Keeping Us Guessing

An interesting, fun movie just came out in limited release (ugh! translate not in Phoenix), Room 237, exploring the many interpretations and even some far fetched conspiracy theories surrounding The Shining. The film makers drew on theories presented by various people who have amassed enormous archives of Shining interpretations. It’s unbelievable. Rob Ager is one example and is featured in Room 237: Rob Ager.

After watching a few Kubrick movies, which also includes 2001, I do agree he explores themes like imperialism and how it has led to a legacy of violence in human history. Room 237 covers those various theories, like references to Native American genocide and the Holocaust, but still much argument and discussion abounds as to what the movie is really about. To me, film critic for Salon.com, Andrew O’Heir summed it up well:

…this really is a story about a guy going crazy in a snowbound old hotel and turning on his wife and kid, but one that draws on the most troubling aspects of myth, history and psychoanalytic theory to create an overdetermined landscape of madness, one in which the viewer ultimately feels almost as disoriented as Jack, frozen in permanent rage at the heart of the labyrinth.

Interpretation aside, what I find compelling with Kubrick and his movies, or at least The Shining, is how he composes his scenes and populates his movies with lots of detail and symbols. The Shining contains so many references to Native American culture, genocide, symbols, it hard to argue he wasn’t making some kind of statement.

But even better are the flashes of straight out strangeness. The twin girls, the blood flowing out of the elevator, the (grimace) decayed old lady in Room 237. And what the heck is the deal with the guy in the bear suit? Creepy. Maybe that’s simply the point, and an explanation would ultimately ruin the impact of the scene. Some film directors explain too much and Kubrick often explained nothing.
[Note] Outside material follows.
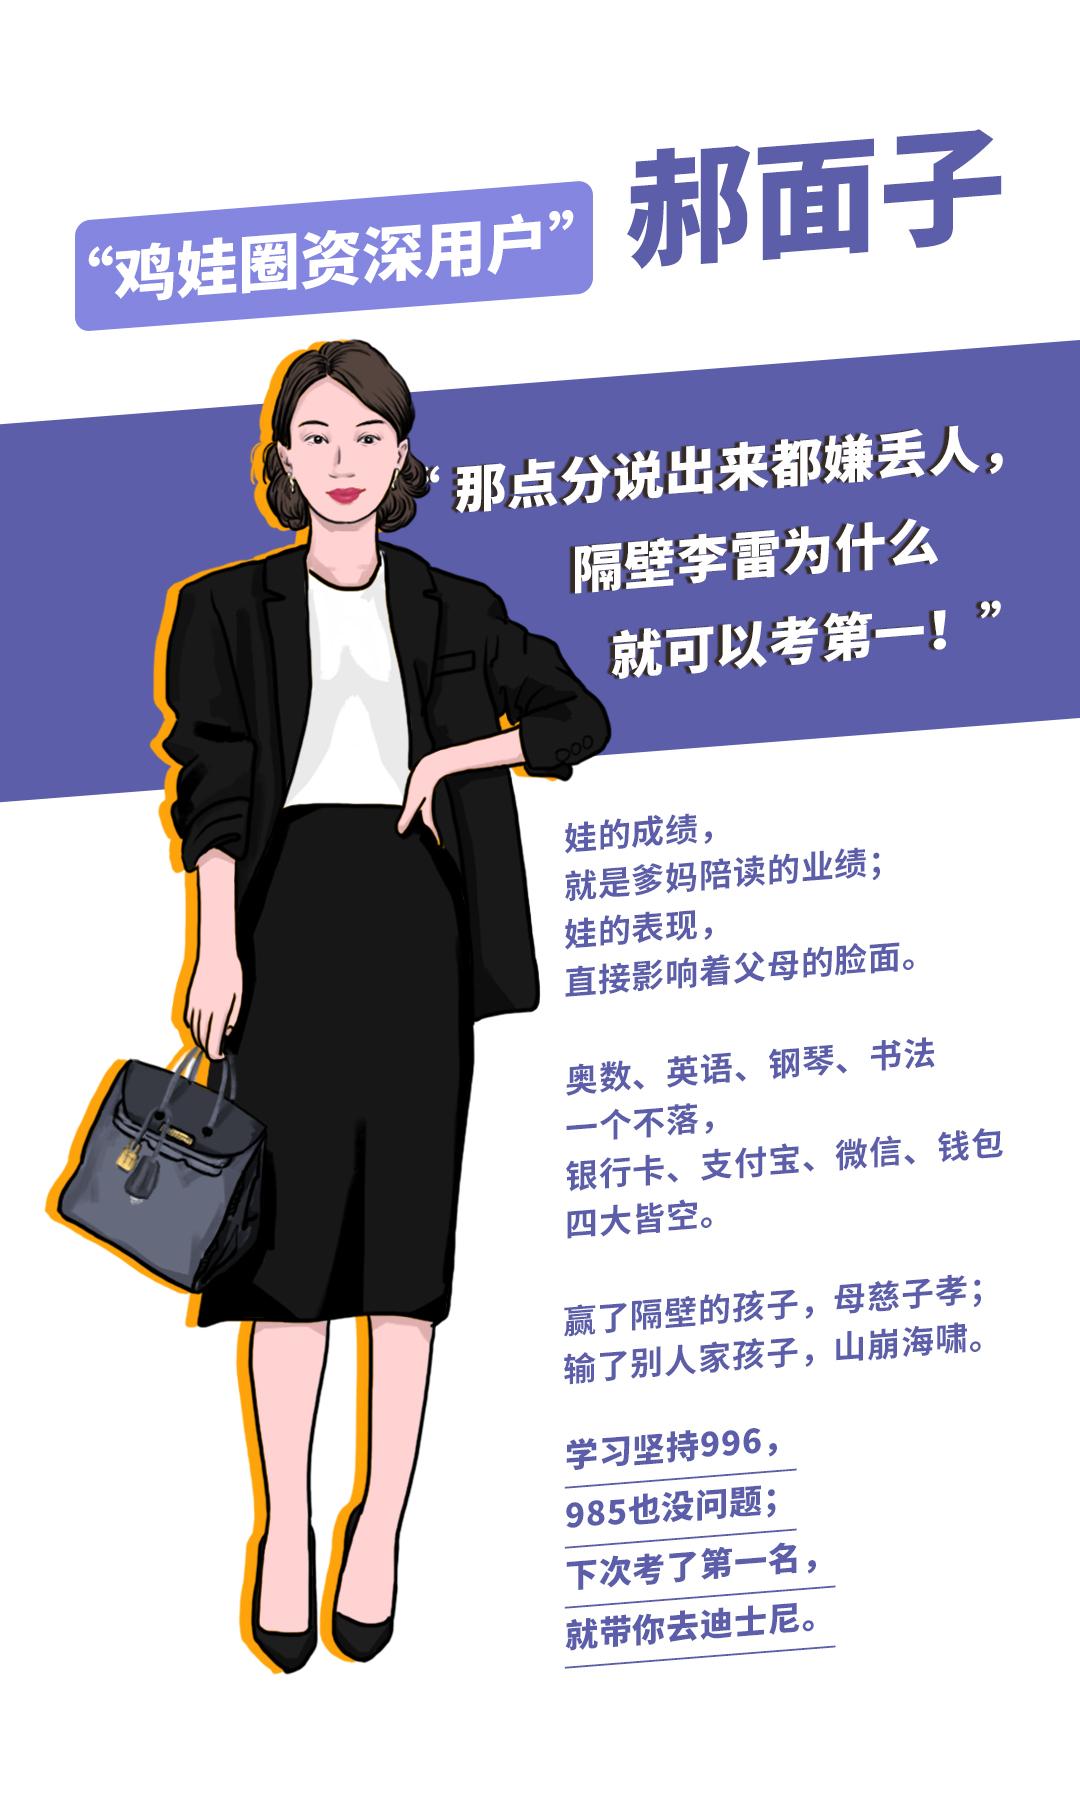 https://level8cases.oss-cn-hangzhou.aliyuncs.com/gmt推文配图-11.20-2.0_05-e7ae75e9-88e5-4d9d-a0e7-fdba4221f99d.jpg

Room 237 does provide possible explanations for all of those scenes however.

I was writing a scene in my second book, where one of the bad guys was revealing some of his motivations, and I wavered between how much I needed to explain and decided to leave it vague.

Take the movie The Warriors. (Another one of my favorites) At the end, the leader of the Gramercy Riffs gang asks Luther, the leader of the Rogues, why he shot Cyrus. Luther answers simply, “No reason. I just like doing things like that.” He’s friggin’ nuts. We totally get that and we don’t need an exposition on the tragedy of his life.

Explaining too much can take away from the mystery and emotion behind certain aspects of the story. Some character behaviors should be left up to interpretation. Why is the bad guy bad? Was it childhood trauma? Socio-pathetic tendencies? Why did Jack Torrance try to hack up his wife and kid? We don’t know exactly. Was it cabin fever? Writer’s block? (OH, crap, no.) Or was it him perpetuating the endless cycle of violence due to imperialism? Kubrick doesn’t tell us and personally I don’t want him to. (Not that he could at this point.) It’s enough for me to see the scene with Jack talking to the previous caretaker, John Grady, in the bathroom, about correcting his wife and kid (yikes) and seeing him in the Forth of July ball picture from 1921 at the end. What what it all about? Kubrick keeps us all guessing, writing, and making movies about it to this day. If he would have explained everything, there wouldn’t be a Room 237.